Часто он говорил совершенно противоположное тому, что он говорил прежде, но и то и другое было справедливо. Он любил говорить и говорил хорошо, украшая свою речь ласкательными и пословицами, которые, Пьеру казалось, он сам выдумывал; но главная прелесть его рассказов состояла в том, что в его речи события самые простые, иногда те самые, которые, не замечая их, видел Пьер, получали характер торжественного благообразия. Он любил слушать сказки, которые рассказывал по вечерам (всё одни и те же) один солдат, но больше всего он любил слушать рассказы о настоящей жизни. Он радостно улыбался, слушая такие рассказы, вставляя слова и делая вопросы, клонившиеся к тому, чтобы уяснить себе благообразие того, что ему рассказывали. Привязанностей, дружбы, любви, как понимал их Пьер, Каратаев не имел никаких; но он любил и любовно жил со всем, с чем его сводила жизнь, и в особенности с человеком – не с известным каким нибудь человеком, а с теми людьми, которые были перед его глазами. Он любил свою шавку, любил товарищей, французов, любил Пьера, который был его соседом; но Пьер чувствовал, что Каратаев, несмотря на всю свою ласковую нежность к нему (которою он невольно отдавал должное духовной жизни Пьера), ни на минуту не огорчился бы разлукой с ним. И Пьер то же чувство начинал испытывать к Каратаеву.
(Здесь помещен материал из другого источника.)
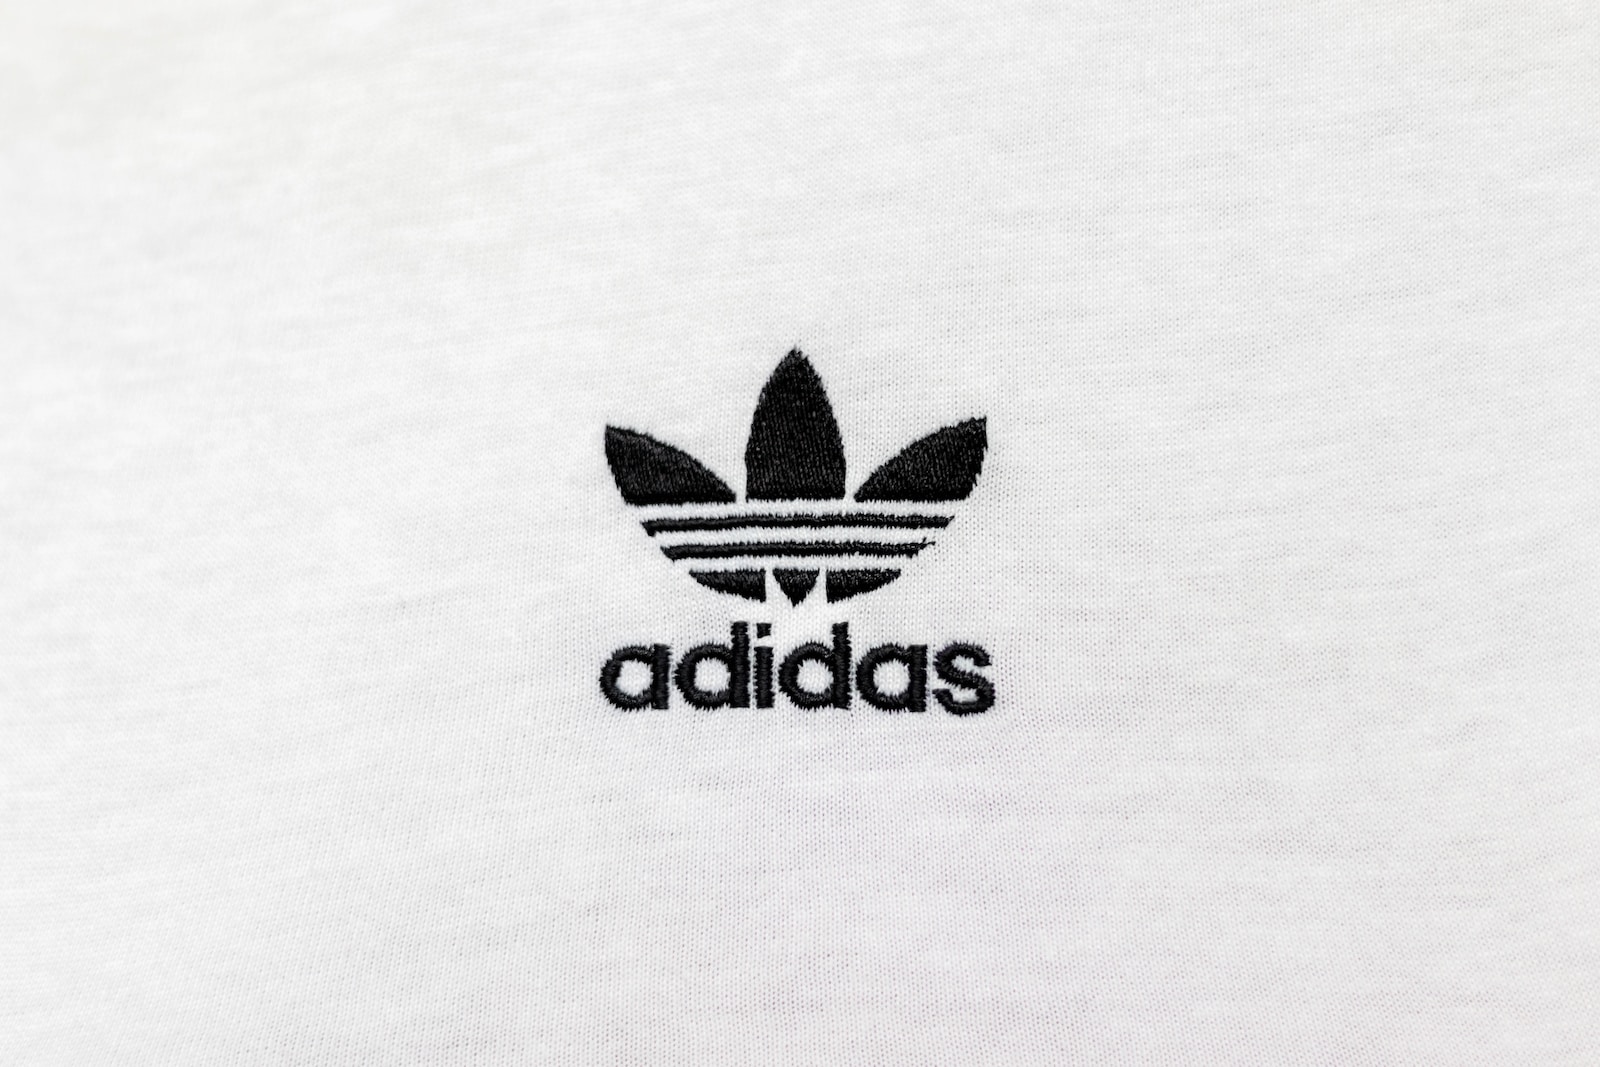 Is Adidas a Designer Brand?, Adidas logo

Платон Каратаев был для всех остальных пленных самым обыкновенным солдатом; его звали соколик или Платоша, добродушно трунили над ним, посылали его за посылками. Но для Пьера, каким он представился в первую ночь, непостижимым, круглым и вечным олицетворением духа простоты и правды, таким он и остался навсегда.
Платон Каратаев ничего не знал наизусть, кроме своей молитвы. Когда он говорил свои речи, он, начиная их, казалось, не знал, чем он их кончит.
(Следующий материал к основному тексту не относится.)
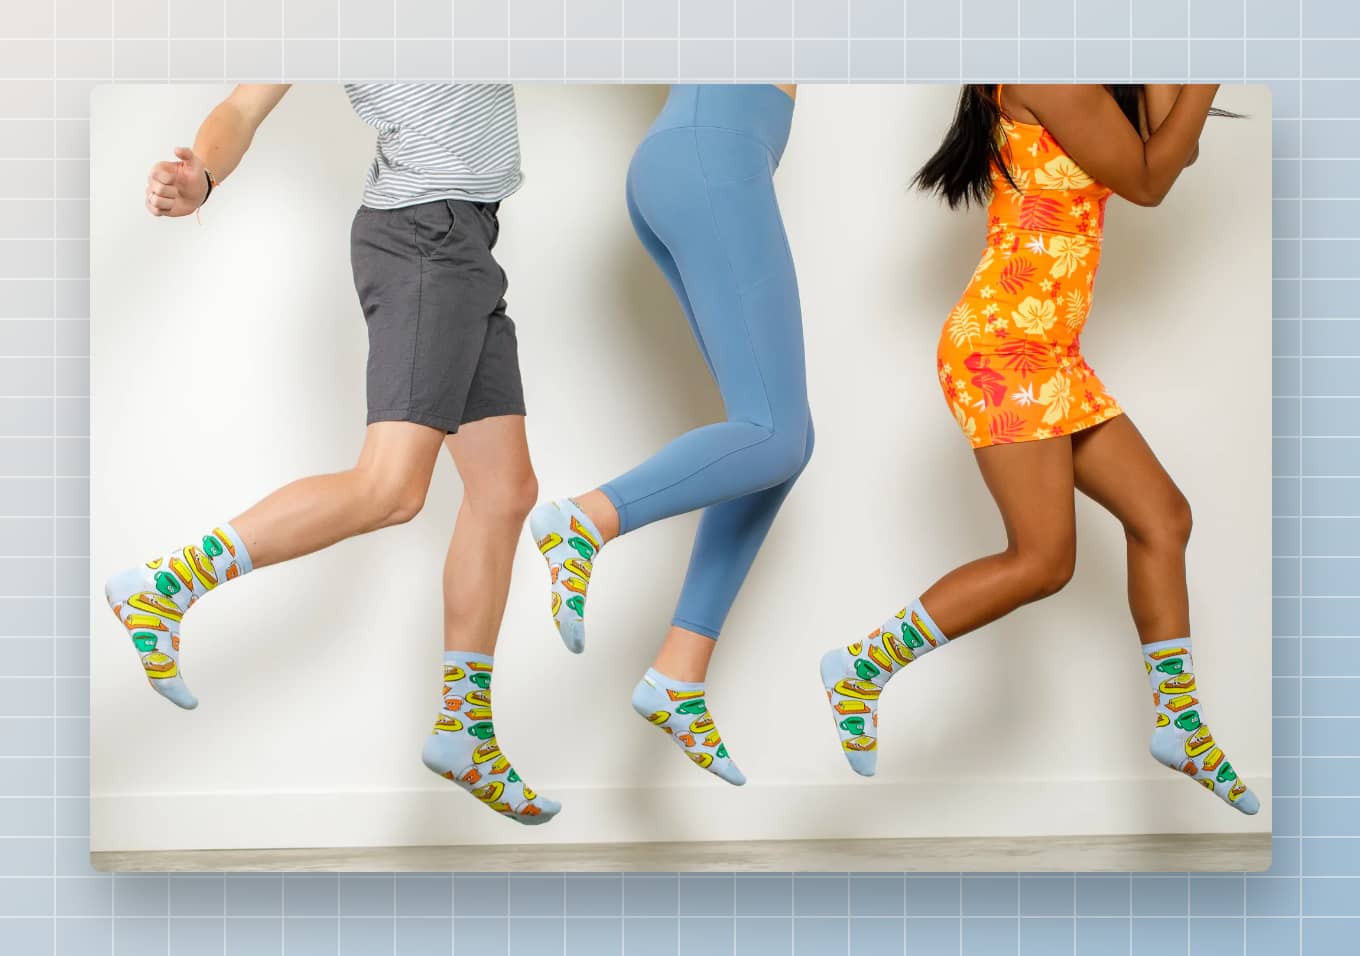 Meerdere mensen dansen met hun Awesome Socks Club sokken

Когда Пьер, иногда пораженный смыслом его речи, просил повторить сказанное, Платон не мог вспомнить того, что он сказал минуту тому назад, – так же, как он никак не мог словами сказать Пьеру свою любимую песню. Там было: «родимая, березанька и тошненько мне», но на словах не выходило никакого смысла. Он не понимал и не мог понять значения слов, отдельно взятых из речи. Каждое слово его и каждое действие было проявлением неизвестной ему деятельности, которая была его жизнь. Но жизнь его, как он сам смотрел на нее, не имела смысла как отдельная жизнь. Она имела смысл только как частица целого, которое он постоянно чувствовал. Его слова и действия выливались из него так же равномерно, необходимо и непосредственно, как запах отделяется от цветка. Он не мог понять ни цены, ни значения отдельно взятого действия или слова.


Получив от Николая известие о том, что брат ее находится с Ростовыми, в Ярославле, княжна Марья, несмотря на отговариванья тетки, тотчас же собралась ехать, и не только одна, но с племянником. Трудно ли, нетрудно, возможно или невозможно это было, она не спрашивала и не хотела знать: ее обязанность была не только самой быть подле, может быть, умирающего брата, но и сделать все возможное для того, чтобы привезти ему сына, и она поднялась ехать. Если князь Андрей сам не уведомлял ее, то княжна Марья объясняла ото или тем, что он был слишком слаб, чтобы писать, или тем, что он считал для нее и для своего сына этот длинный переезд слишком трудным и опасным.